AF: That is a great point you mention. Every time we shared community feedback with the team, it was like everybody grew five inches and were so proud. Every day we deal with all the problems, and we're trying to get this done—there's bugs and we have some things still not complete. And so, we're focused a lot on what you might consider the negatives.

I can't even explain how important it is to get that boost from positive feedback. There is a project manager on my team that sent out an email with a customer’s findings, which were very positive. Everything was faster and they were super happy. People came to my office during that day with big smiles on their faces, and just another level of commitment. It's a long stretch to work on a project like this, so it's a takeaway for me to collect and share more feedback in the future. I didn't anticipate it would be so powerful, but it's unbelievable.

10. How was the community involved in the development of Hyper?

AF: We’ve heard and seen a lot of excitement and hype around providing these new capabilities of speed increase and querying extracts. With that, perhaps expectations are even higher in this first version, but we spent considerable time integrating the technology.

Several people have even stopped us at conferences and I received hugs during the recent Tableau Conference (TC) due to the fact we're delivering on some long-desired wishes from customers. There’s definitely a lot of positive feedback and very high levels of expectations.

TM: And a big thanks to all our customers. We got great feedback at both TCs and through the alpha and beta program.

11. What are you anticipating for the Hyper launch?

TM: Our vision and mission to develop Hyper as the fastest-possible, general-purpose data engine hasn't changed. We're still on that mission, and that’s our foundation for things to come.

AF: This first version of Tableau with Hyper offers the benefits of faster extract creation, fast query performance on extracts, and in many cases, better scalability and stability in several environments. We're super proud of that, and it's been a long journey to replace the existing Tableau data engine with Hyper because of all the code that hooks into it. But we're over that hump.

There are several things Hyper brings to the table that we're not yet taking advantage of. I’m looking forward, for example, to doing more things with even lower latency from data that gets conceived in the system and becomes available in Tableau visualizations. We're also looking at the strength and abilities to build deeper, analytical capabilities into the system so analysts can do more advanced examination, whether it smells a bit like machine learning or data mining, or whether it’s statistical functions at speed, and doing that physically closer to the data at high speeds. These are areas we’ve only scratched the surface with in this first release.

I'm very proud of the team for pulling this replacement product off in about 18 months. It was a major endeavor.

12. What is next for the R&D units?

AF: We want to keep investing.
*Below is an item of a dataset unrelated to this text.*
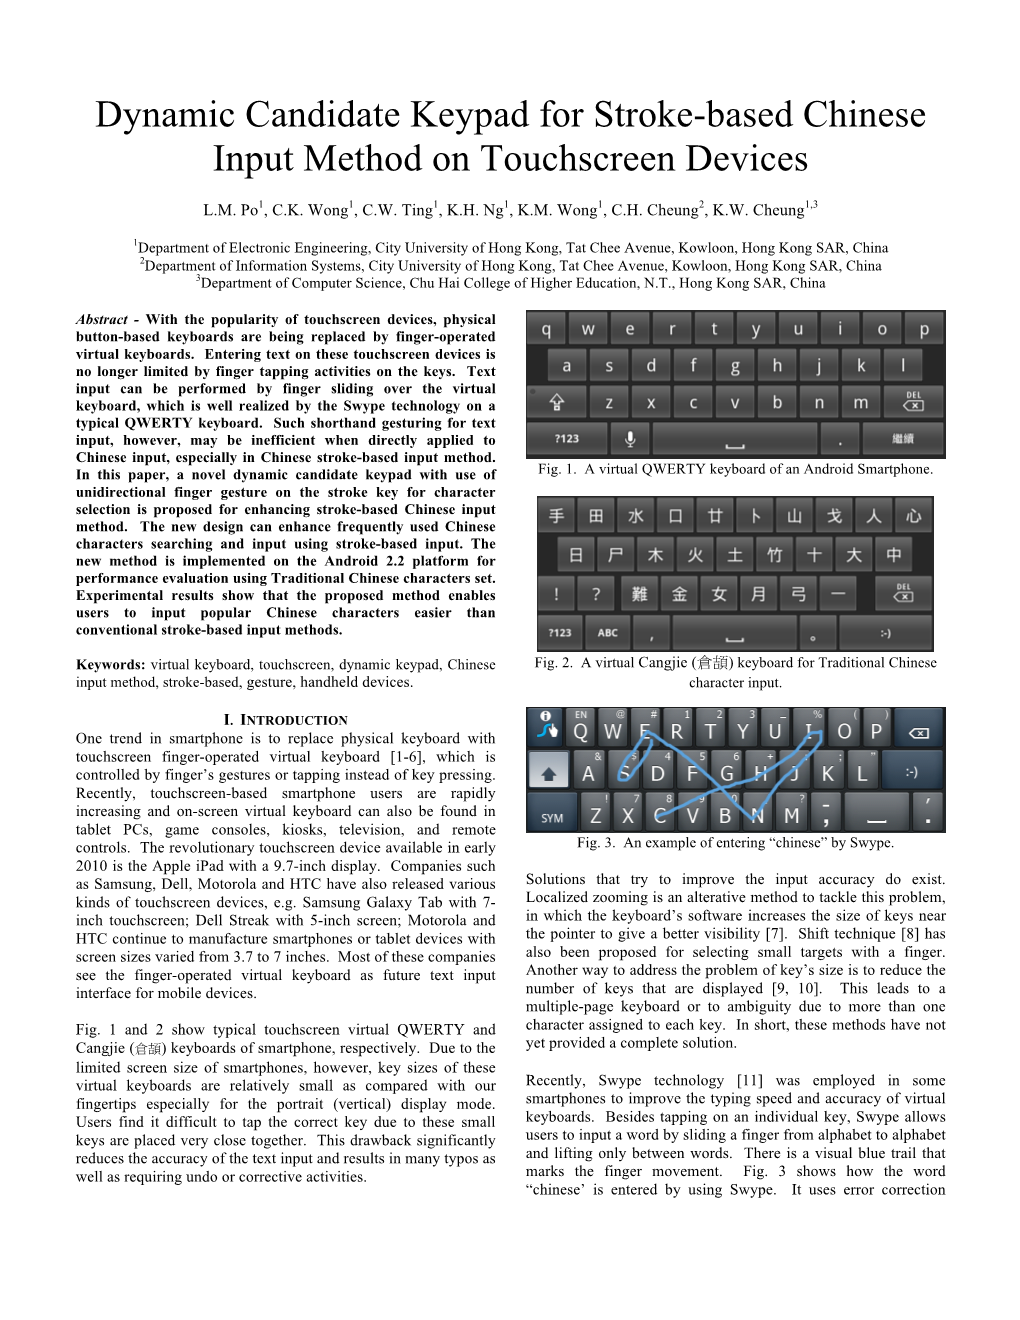 Dynamic Candidate Keypad for Stroke-Based Chinese Input Method on Touchscreen Devices
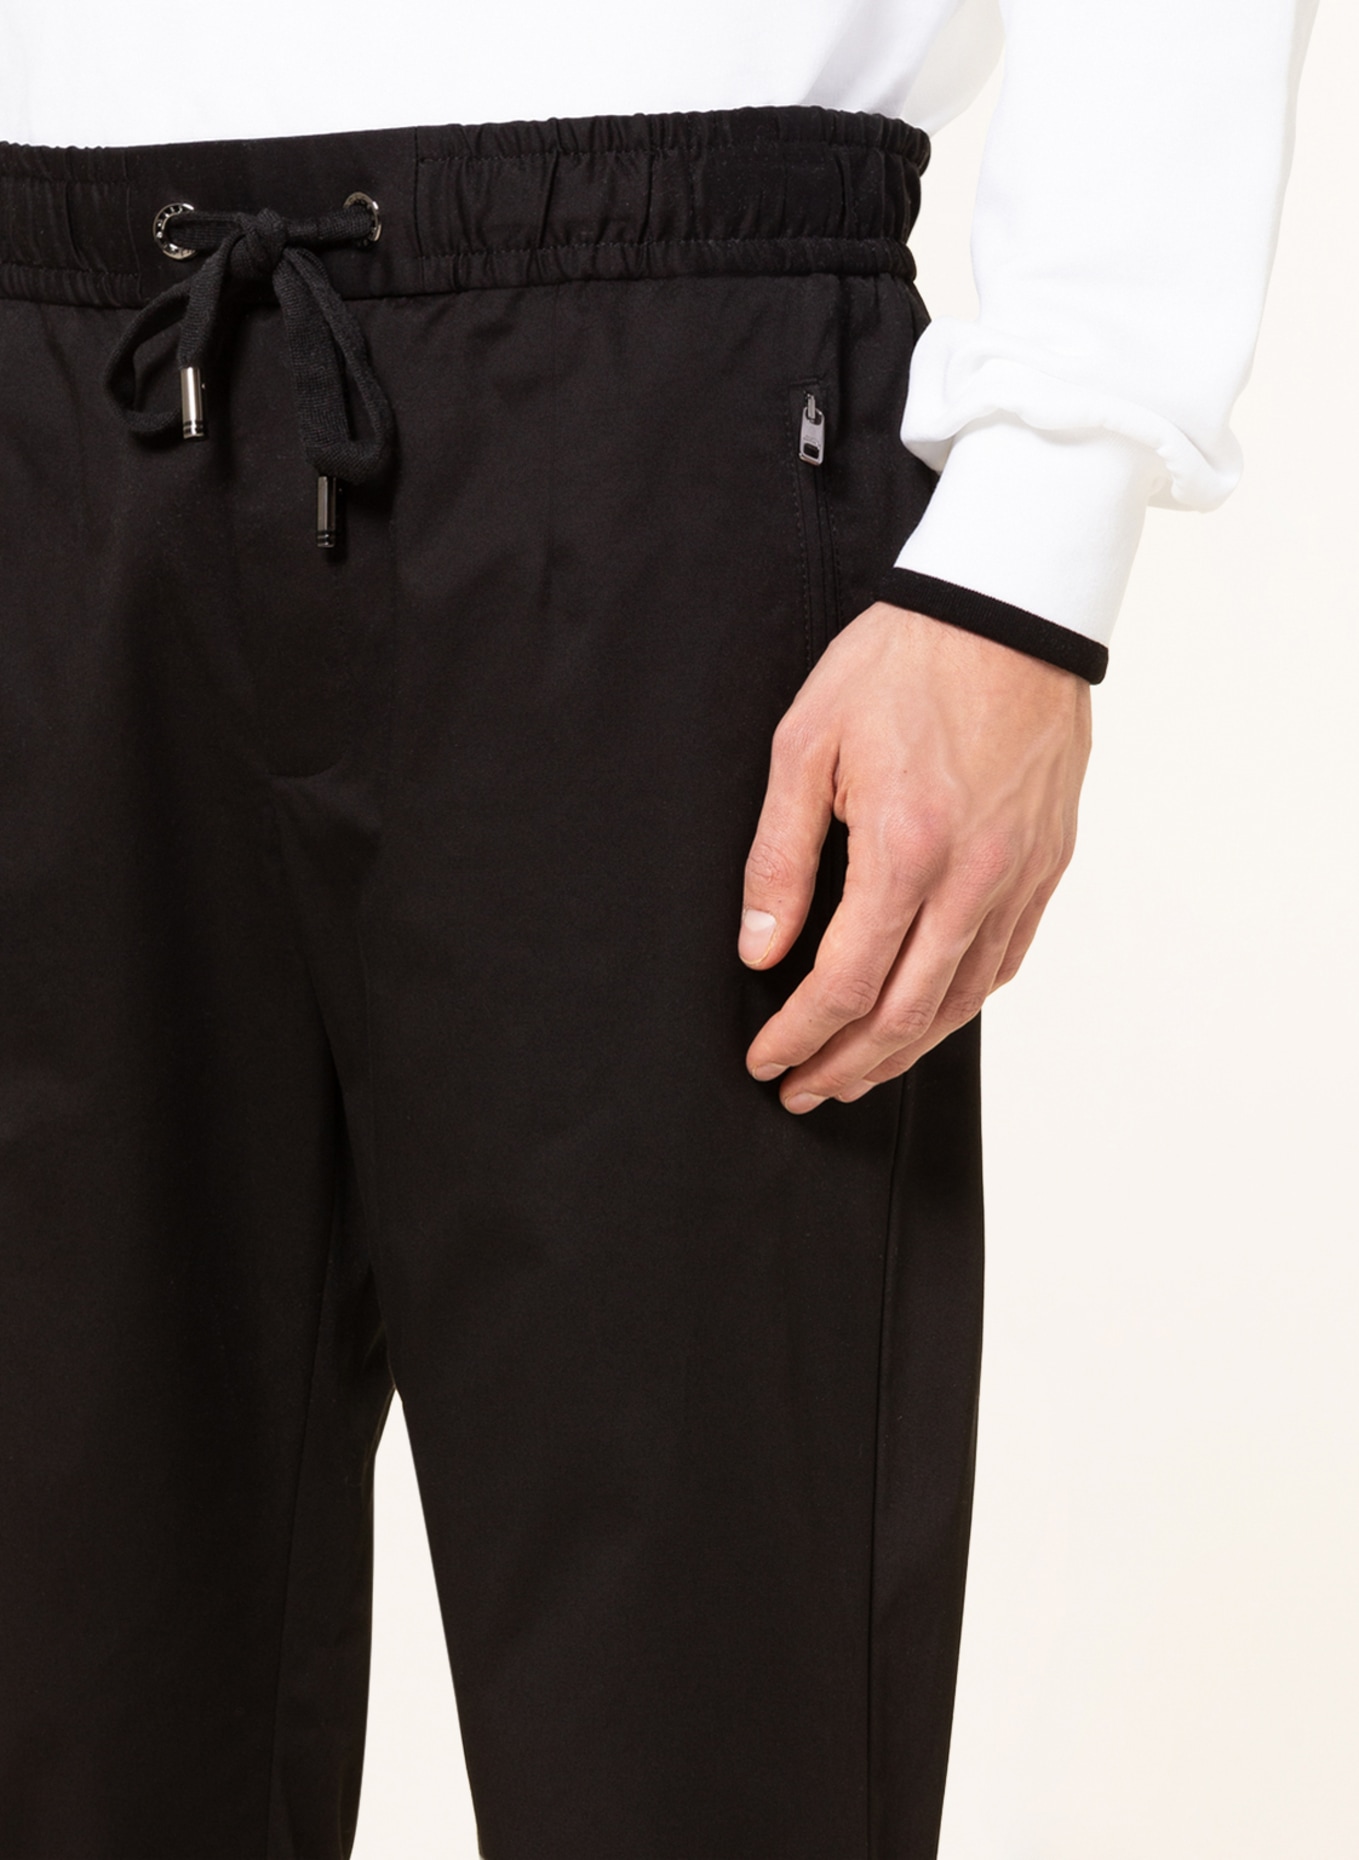 DOLCE & GABBANA Pants in jogger style extra slim fit , Color: BLACK (Image 5)

This project has proven to be extremely fruitful. I'm proud of the team, the level of innovation, the level of their delivery, and the collaboration with Technical University Munich – their advisors’ input and feedback is priceless.

For next steps with Hyper, we have two stages. We have what I call a shorter-term plan where we've allocated quite a bit of time to react to customer feedback. Since it's the first time this ships as a commercial product, we want to be ready and able to deal with feedback.

Then, we have some features we're delivering next quarter, but they're not major features. Again, we want to account for customer feedback, and we’re finishing additional performance improvements that weren’t ready for the first release.

13. Do you have any advice for academic entrepreneurs as far as continuing to move forward, not losing hope in whatever technology they invent in the next decade?

TM: My advice is “believe in yourself.” Sometimes a project needs extra work on the side. There are things that aren’t interesting from a research perspective. We had to build a database system from the ground up and there are certain components that you can’t publish in a paper. But if you do the extra measures, and believe in what you’re creating, people will be interested and the industry will pick it up. And there is a great chance in just trying; you can’t lose.